288 pages / 5.25 x 8.00 inches / 1 map
Language Arts / Journalism | Performing Arts / Media Studies
Scoop is the closest thing foreign correspondents have to a bible. They swear by—and along with generations of general readers laugh at—the zany antics of reporters in fictional Ishmaelia. Few readers, however, are acquainted with Waugh's memoir of his stint as a London Daily Mail correspondent in Abyssinia (now Ethiopia) during the Italian invasion in the 1930s. An entertaining account by a cantankerous and unenthusiastic war reporter, Waugh in Abyssinia provides a fascinating short history of Mussolini's imperial adventure as well as a wickedly witty preview of the characters and follies that figure into Waugh's famous satire.
In a new foreword, veteran foreign correspondent John Maxwell Hamilton explores how Waugh ended up in Abyssinia, which real-life events were fictionalized in Scoop, and how this memoir fits into Waugh's overall literary career, which includes the classic Brideshead Revisited.
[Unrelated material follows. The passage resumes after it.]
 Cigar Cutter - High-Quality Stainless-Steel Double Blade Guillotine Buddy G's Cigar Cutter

As Hamilton explains, Waugh was the right man (a misfit), in the right place (a largely unknown country that lent itself to farcical imagination), at the right time (when the correspondents themselves were more interesting than the scraps of news they could get.) The result, Waugh in Abyssinia, is a memoir like no other.
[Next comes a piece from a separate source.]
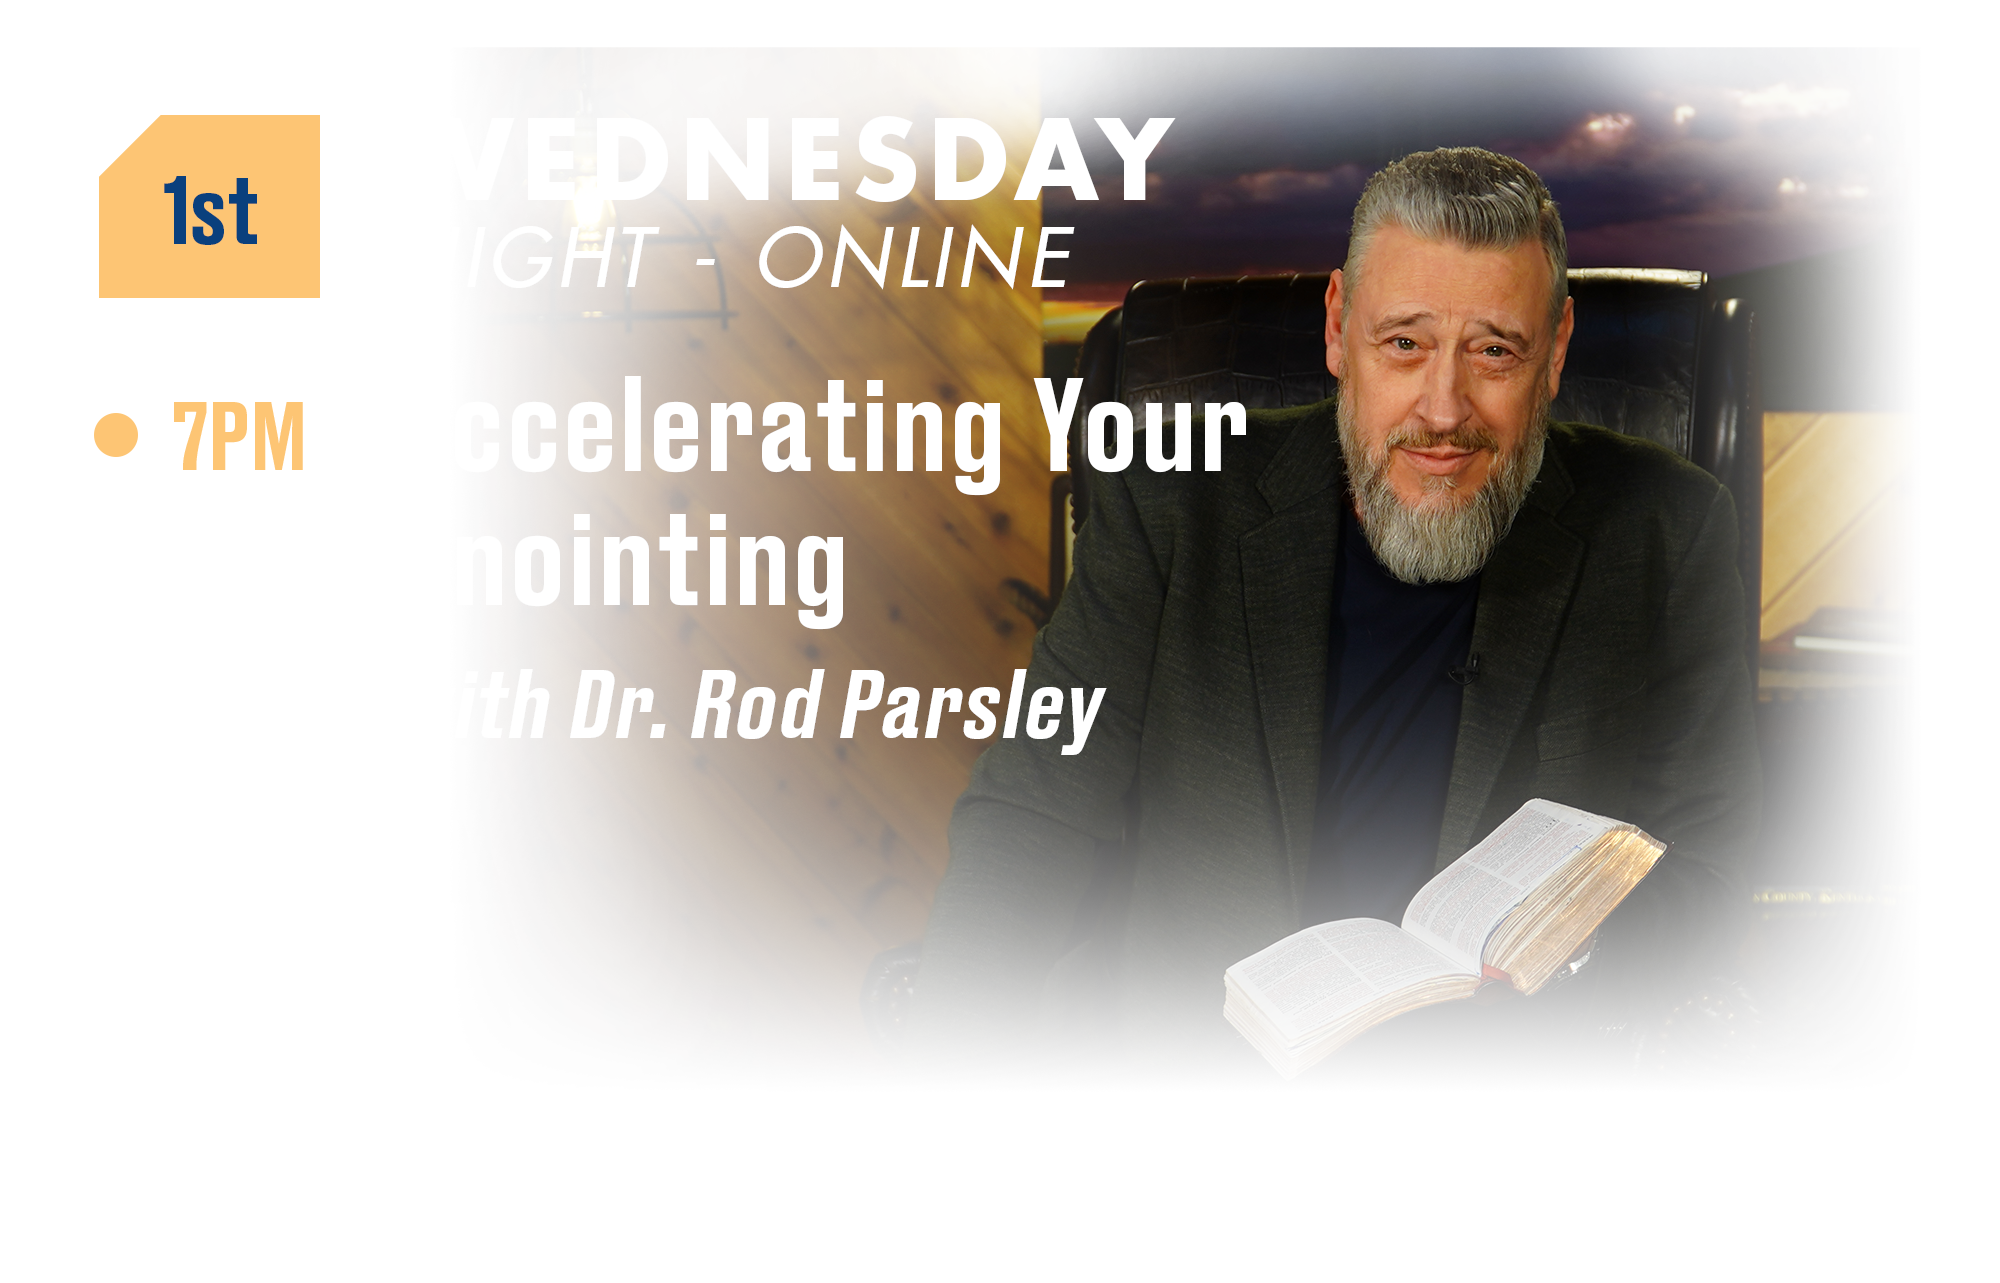 1st Wednesday Night - Online Accelerating Your Anointing with Dr. Rod Parsley

John Maxwell Hamilton, a former journalist and government official, is the Hopkins P. Breazeale LSU Foundation Professor of Journalism in the Manship School of Mass Communication at LSU and a global fellow at the Woodrow Wilson International Center for Scholars in Washington, DC. He has authored or edited many books, including Journalism’s Roving Eye and Manipulating the Masses, both of which won the Goldsmith Book Prize.